THE PROBLEM: The reply needs the lines from the one containing "Festival 11, 1991" through the end of the material, each repeated exactly, and no pictures.

(THE DATA Opens)

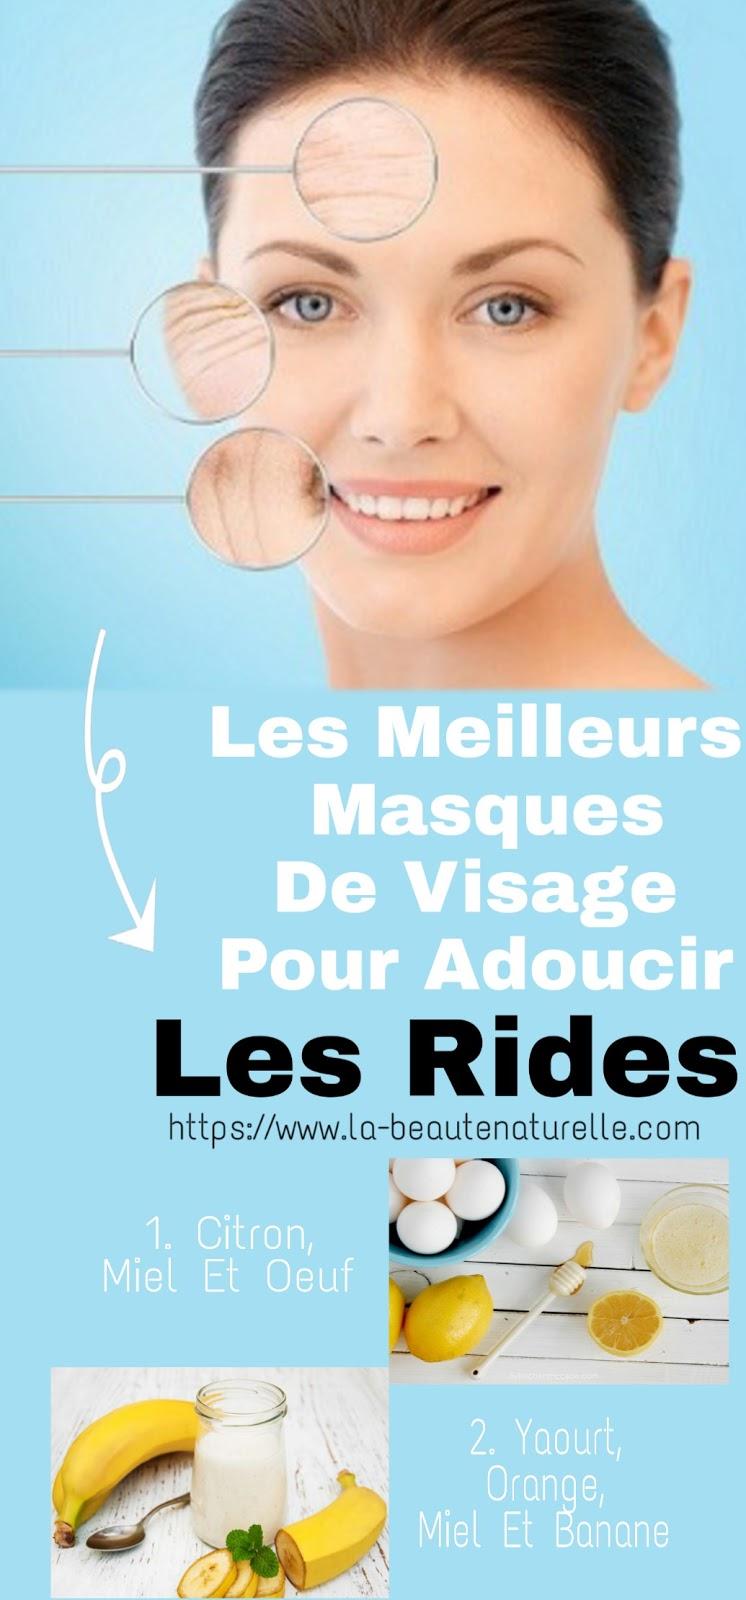 Les Meilleurs Masques De Visage Pour Adoucir Les Rides
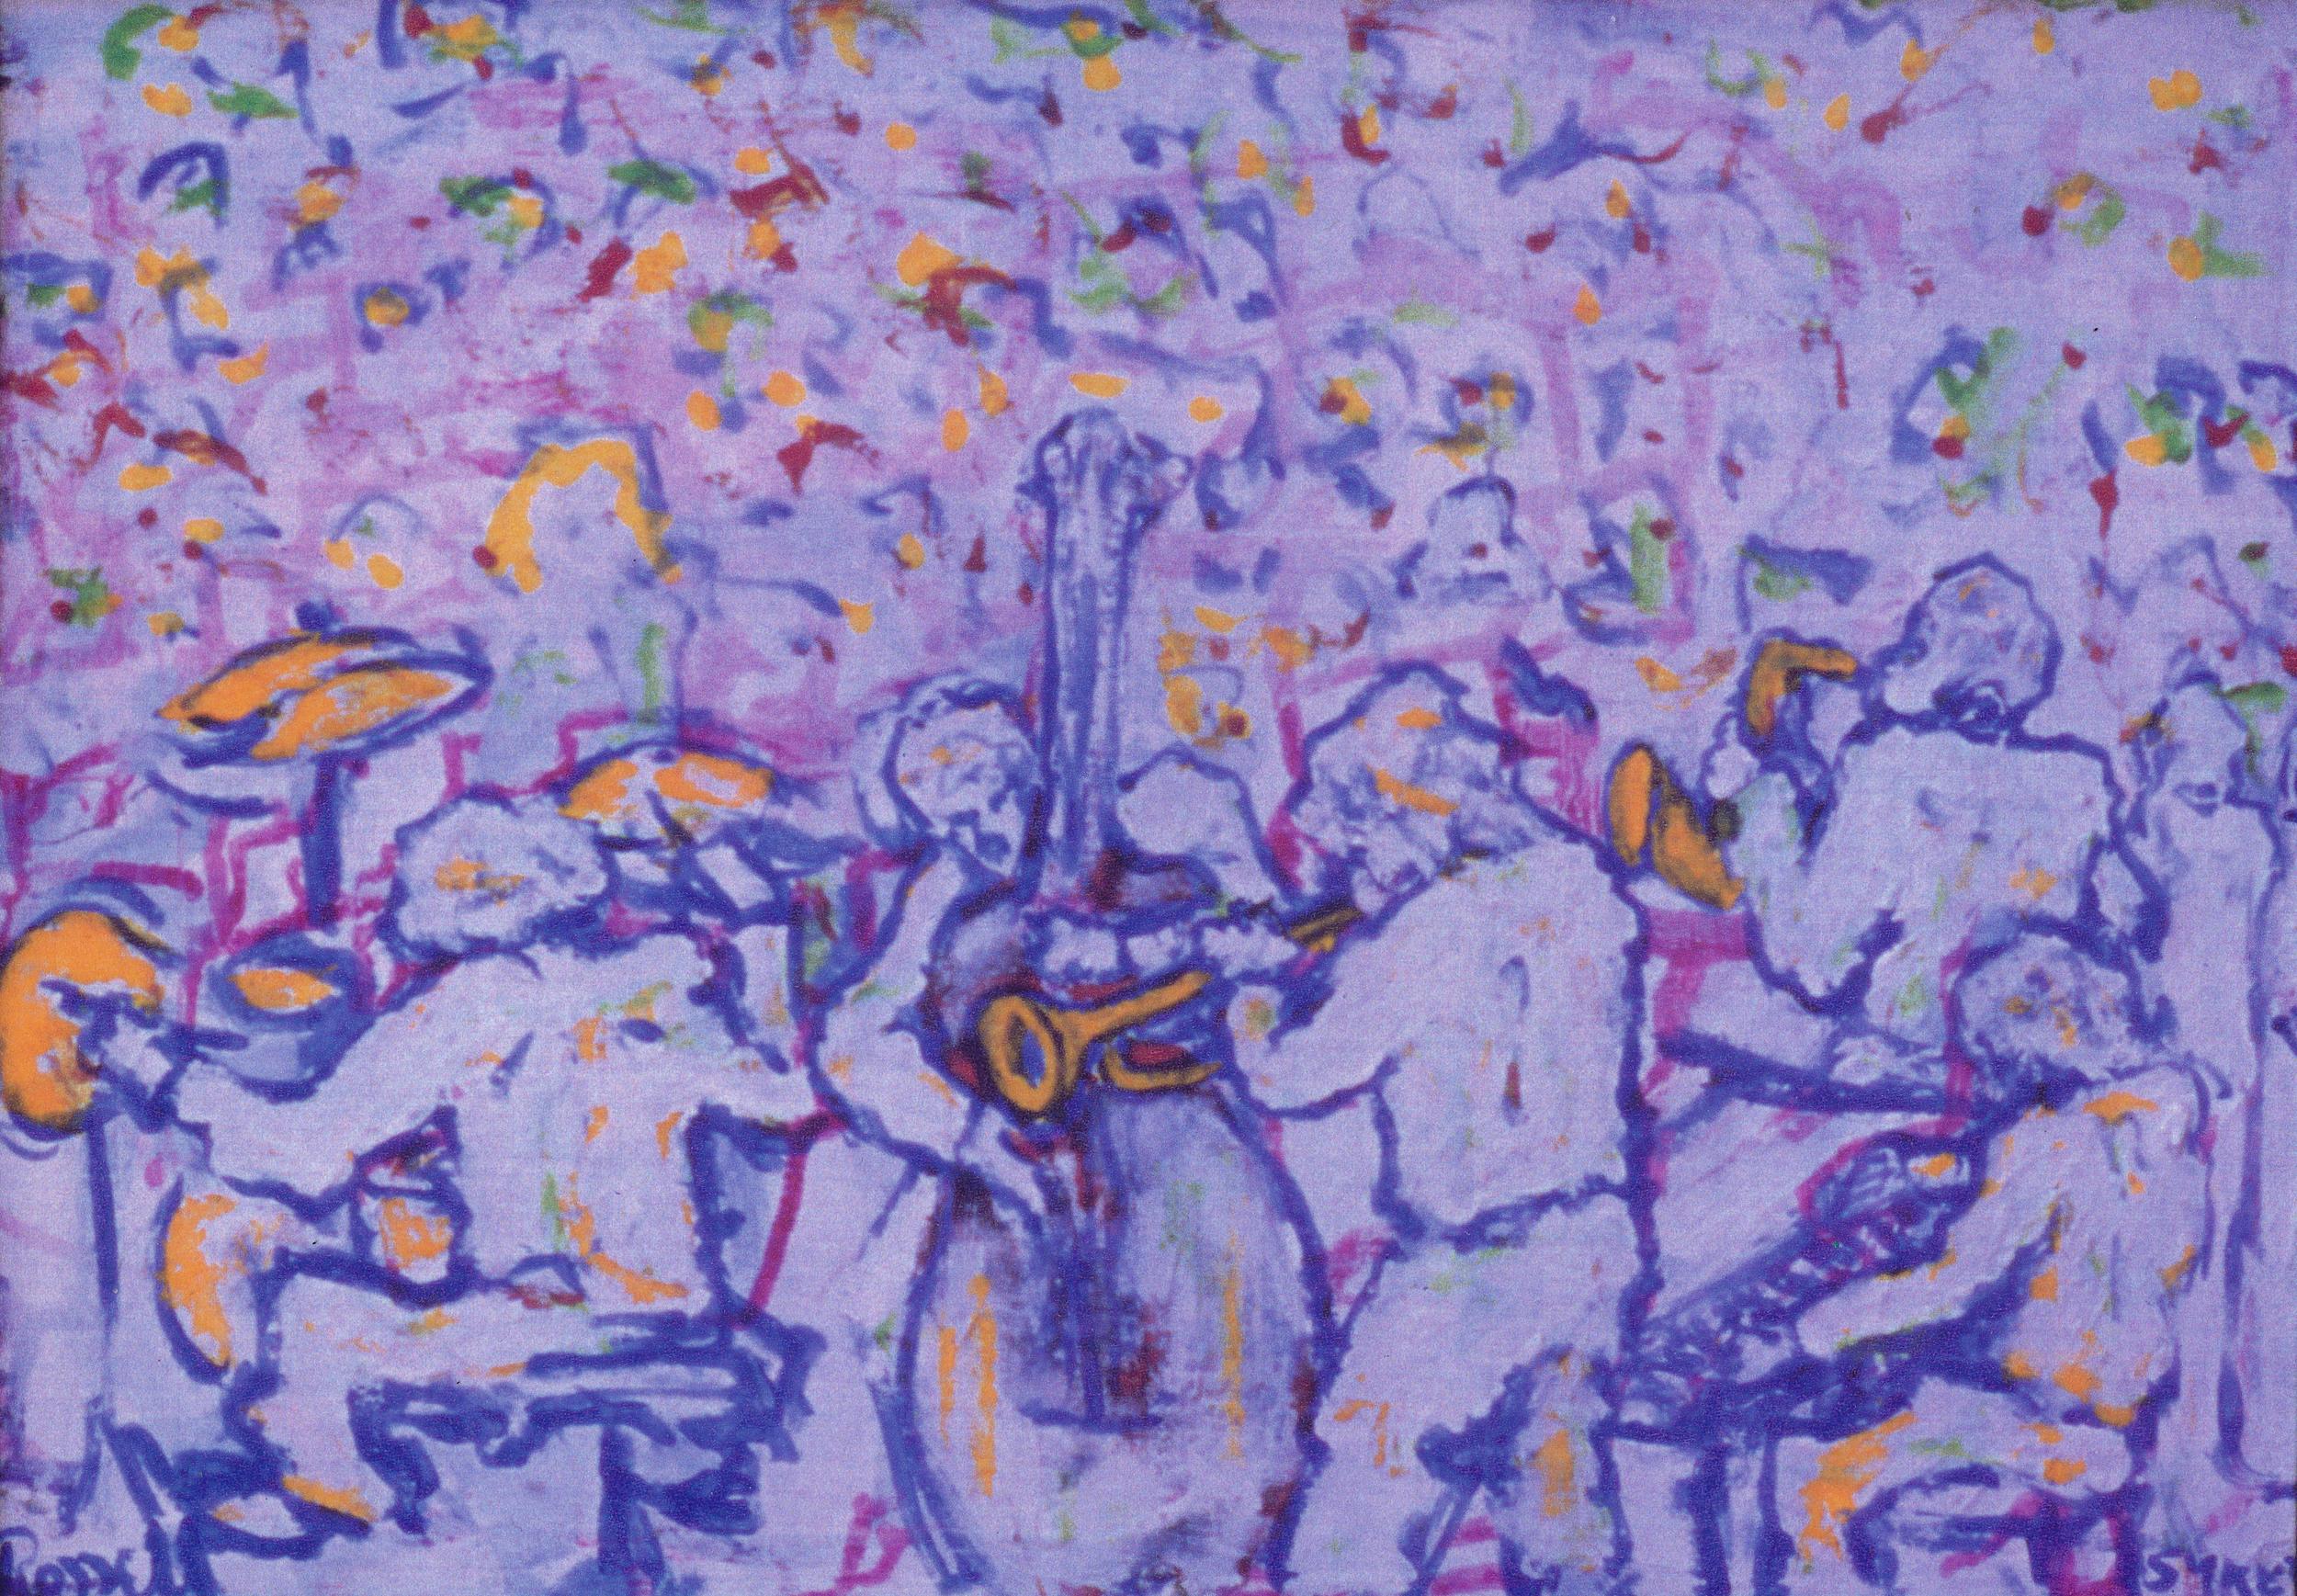 Festival 11, 1991
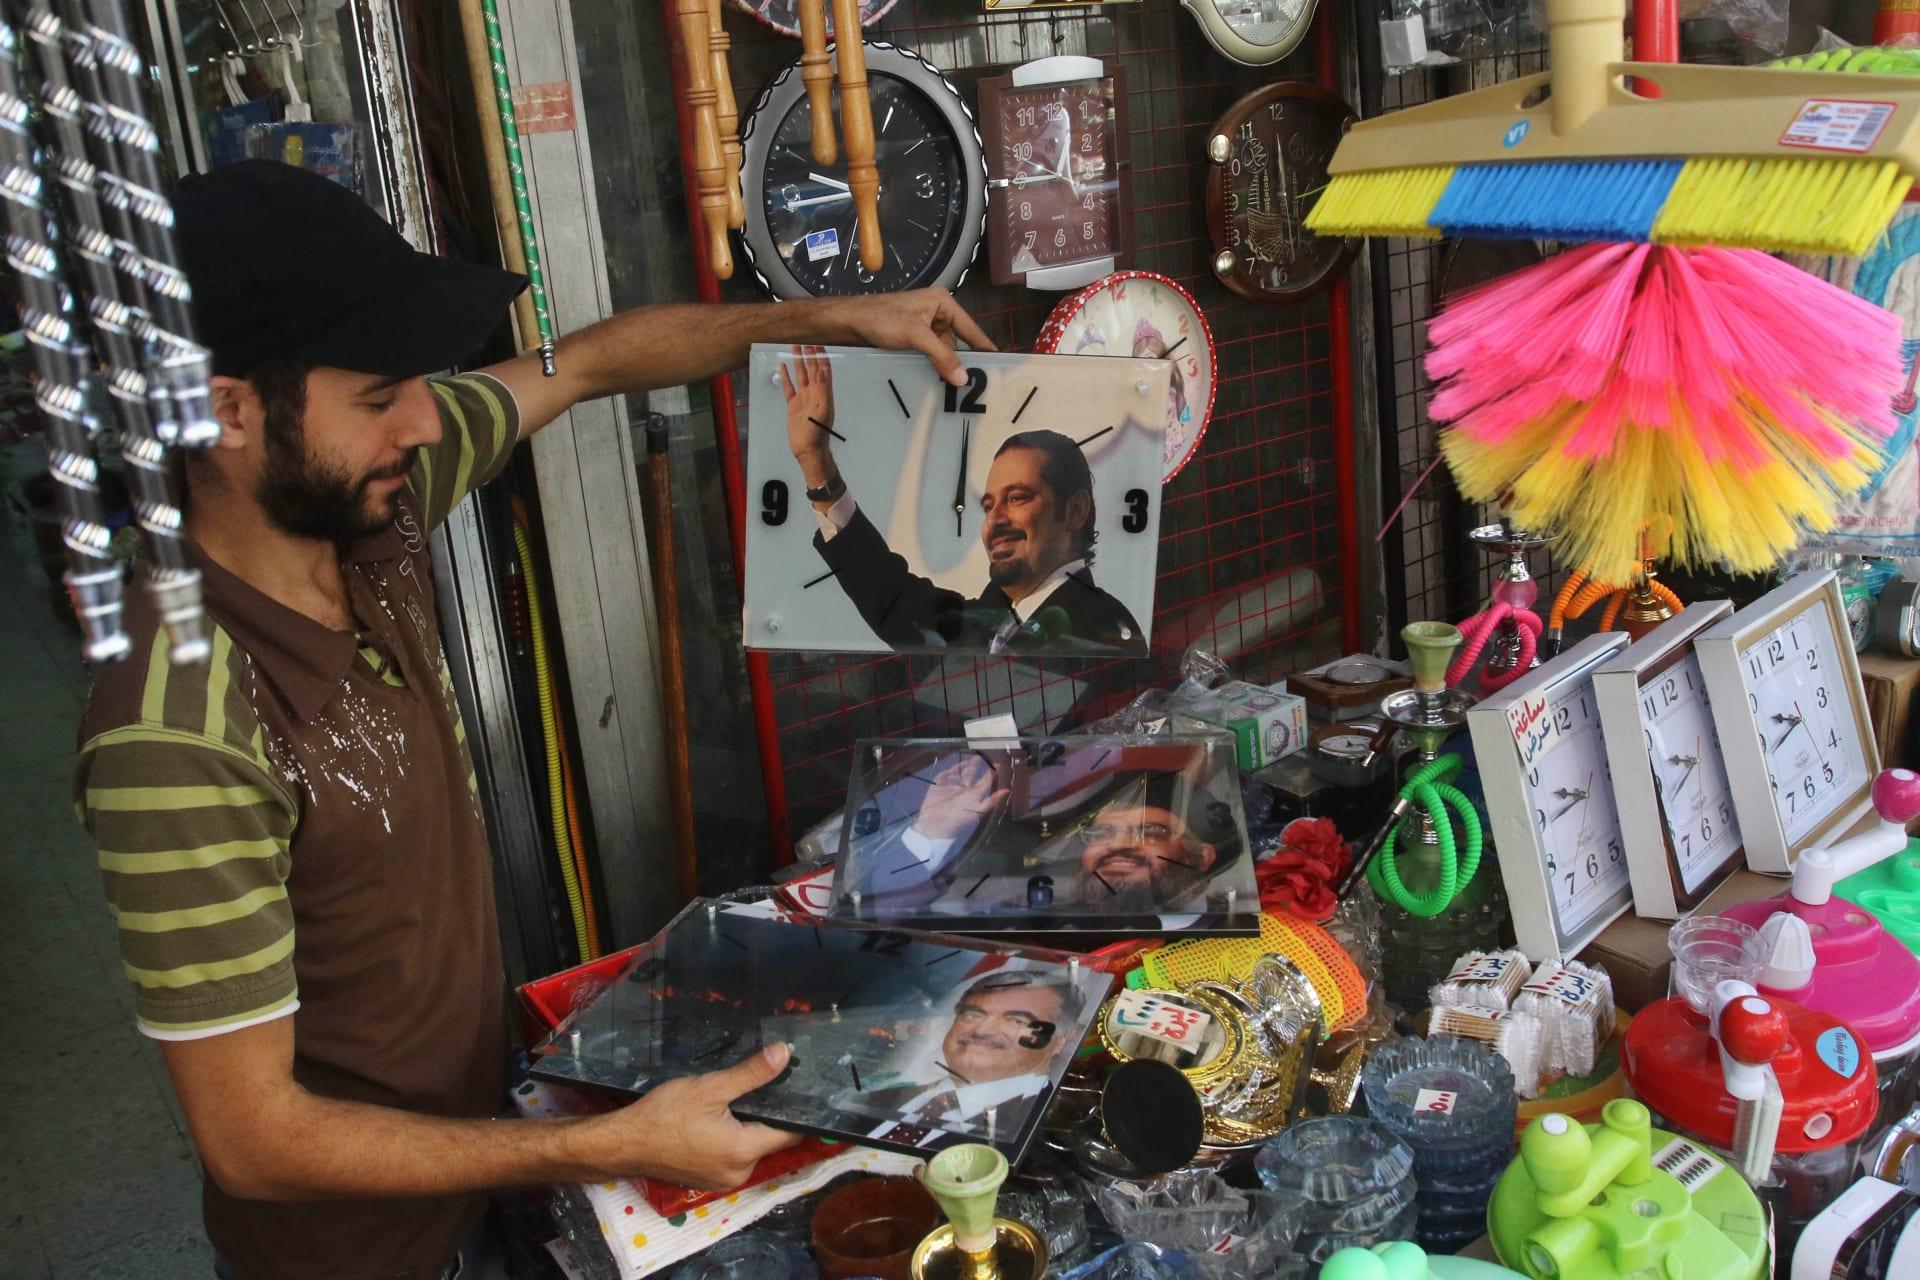 جيري ماهر يكتب: الدولة هي حل لبنان.. وإلا فطبول الحرب ستقرع!

(THE DATA Closes)

RESULT:
 Festival 11, 1991
 جيري ماهر يكتب: الدولة هي حل لبنان.. وإلا فطبول الحرب ستقرع!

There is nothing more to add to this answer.